Number of moles of KMnO4 required = (2/10) * 0.0234 moles = 0.00468 moles
Step 3: Calculate the volume of 0.250 M KMnO4 solution using the given molarity.
Molarity of KMnO4 solution = 0.250 M
Number of moles of KMnO4 = 0.00468 moles (from step 2)
Volume of KMnO4 solution (in liters) = Number of moles / Molarity
Volume of KMnO4 solution (in liters) = 0.00468 moles / 0.250 M = 0.01872 liters
Step 4: Convert liters to milliliters.
1 liter = 1000 milliliters
Volume of KMnO4 solution (in milliliters) = 0.01872 liters * 1000 = 18.72 milliliters
Therefore, approximately 18.72 milliliters of 0.250 M KMnO4 solution are needed to react with 3.55 grams of FeSO4.
To find out how many milliliters of 0.250 M KMnO4 are needed to react with 3.55 grams of FeSO4, we need to use stoichiometry and the molar ratios from the balanced equation.
First, let's calculate the number of moles of FeSO4 using its molar mass:
Molar mass of FeSO4 = atomic mass of Fe + atomic mass of S + 4 * atomic mass of O
= (55.845 g/mol) + (32.06 g/mol) + 4 * (16.00 g/mol)
= 55.845 g/mol + 32.06 g/mol + 64.00 g/mol
= 151.905 g/mol
Number of moles of FeSO4 = mass / molar mass
= 3.55 g / 151.905 g/mol
≈ 0.02338 moles
From the balanced equation, we can see that the molar ratio between FeSO4 and KMnO4 is 10:2. This means that for every 10 moles of FeSO4, we need 2 moles of KMnO4.
Now, we can use the molar ratio and the concentration of KMnO4 to find the volume (in liters) of KMnO4 needed to react with the given amount of FeSO4.
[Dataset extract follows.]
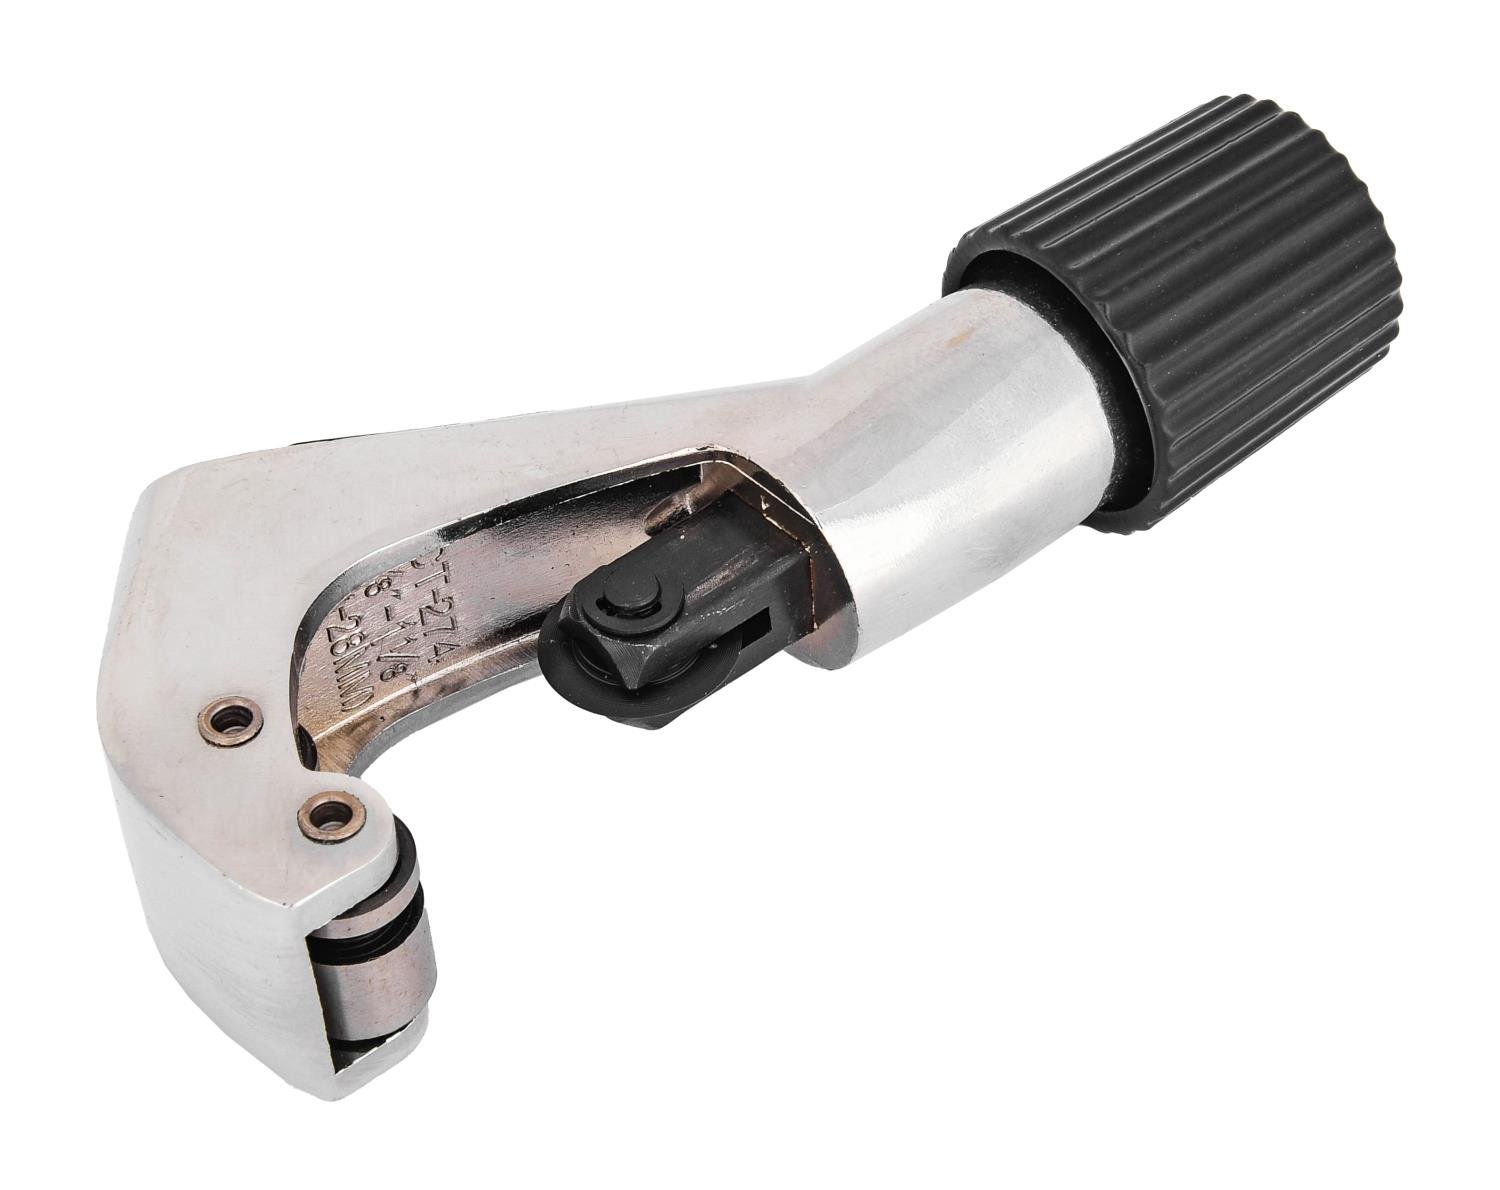 Pro Style Tubing Cutter For 1/8 in.-1 1/8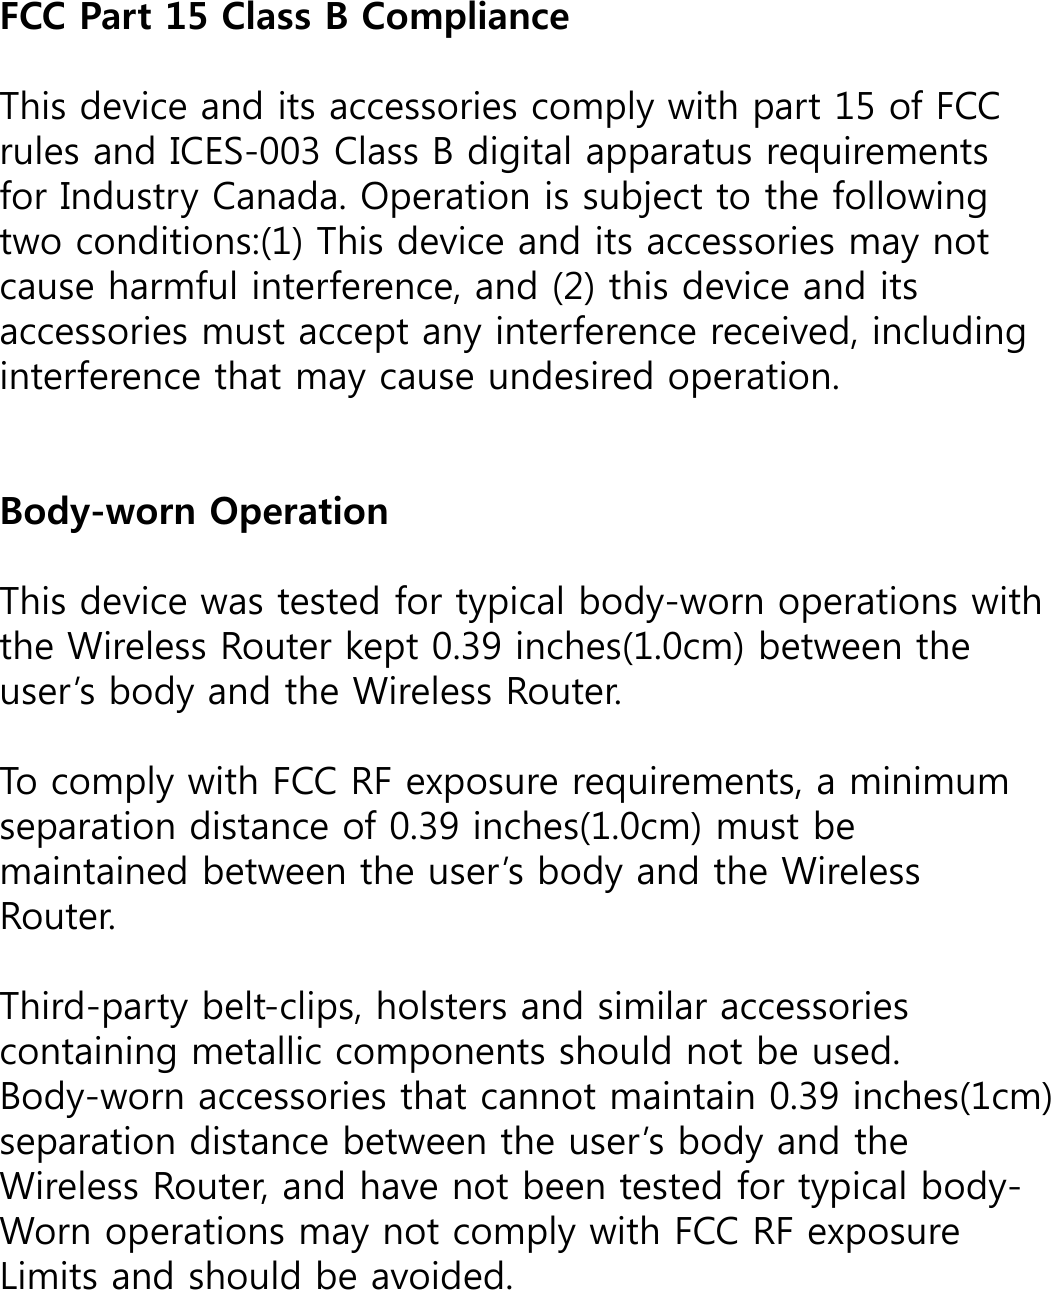 FCC Part 15 Class B Compliance This device and its accessories comply with part 15 of FCC rules and ICES-003 Class B digital apparatus requirements for Industry Canada. Operation is subject to the following two conditions:(1) This device and its accessories may not cause harmful interference, and (2) this device and its accessories must accept any interference received, including interference that may cause undesired operation. Body-worn Operation This device was tested for typical body-worn operations with the Wireless Router kept 0.39 inches(1.0cm) between the user’s body and the Wireless Router.To comply with FCC RF exposure requirements, a minimum separation distance of 0.39 inches(1.0cm) must be maintained between the user’s body and the WirelessRouter.Third-party belt-clips, holsters and similar accessories containing metallic components should not be used.  Body-worn accessories that cannot maintain 0.39 inches(1cm) separation distance between the user’s body and the Wireless Router, and have not been tested for typical body-Worn operations may not comply with FCC RF exposureLimits and should be avoided.

Number of moles of KMnO4 = (0.02338 moles FeSO4) * (2 moles KMnO4 / 10 moles FeSO4)
= 0.004676 moles KMnO4
Now, we can use the molarity of KMnO4 to find the volume:
Volume of KMnO4 (in liters) = number of moles of KMnO4 / molarity of KMnO4
= 0.004676 moles / 0.250 M
= 0.0187 L
Finally, convert the volume from liters to milliliters:
Volume of KMnO4 (in milliliters) = 0.0187 L * 1000 mL/L
= 18.7 mL
So, approximately 18.7 milliliters of 0.250 M KMnO4 are needed to react with 3.55 grams of FeSO4.
mols FeSO4 = grams/molar mass = ?
Use the coefficients in the balanced equation to convert mols FeSO4 to mols KMnO4.
M KMnO4 = mols KMnO4/L KMnO4. You know M and mols, solve for L and convert to mL.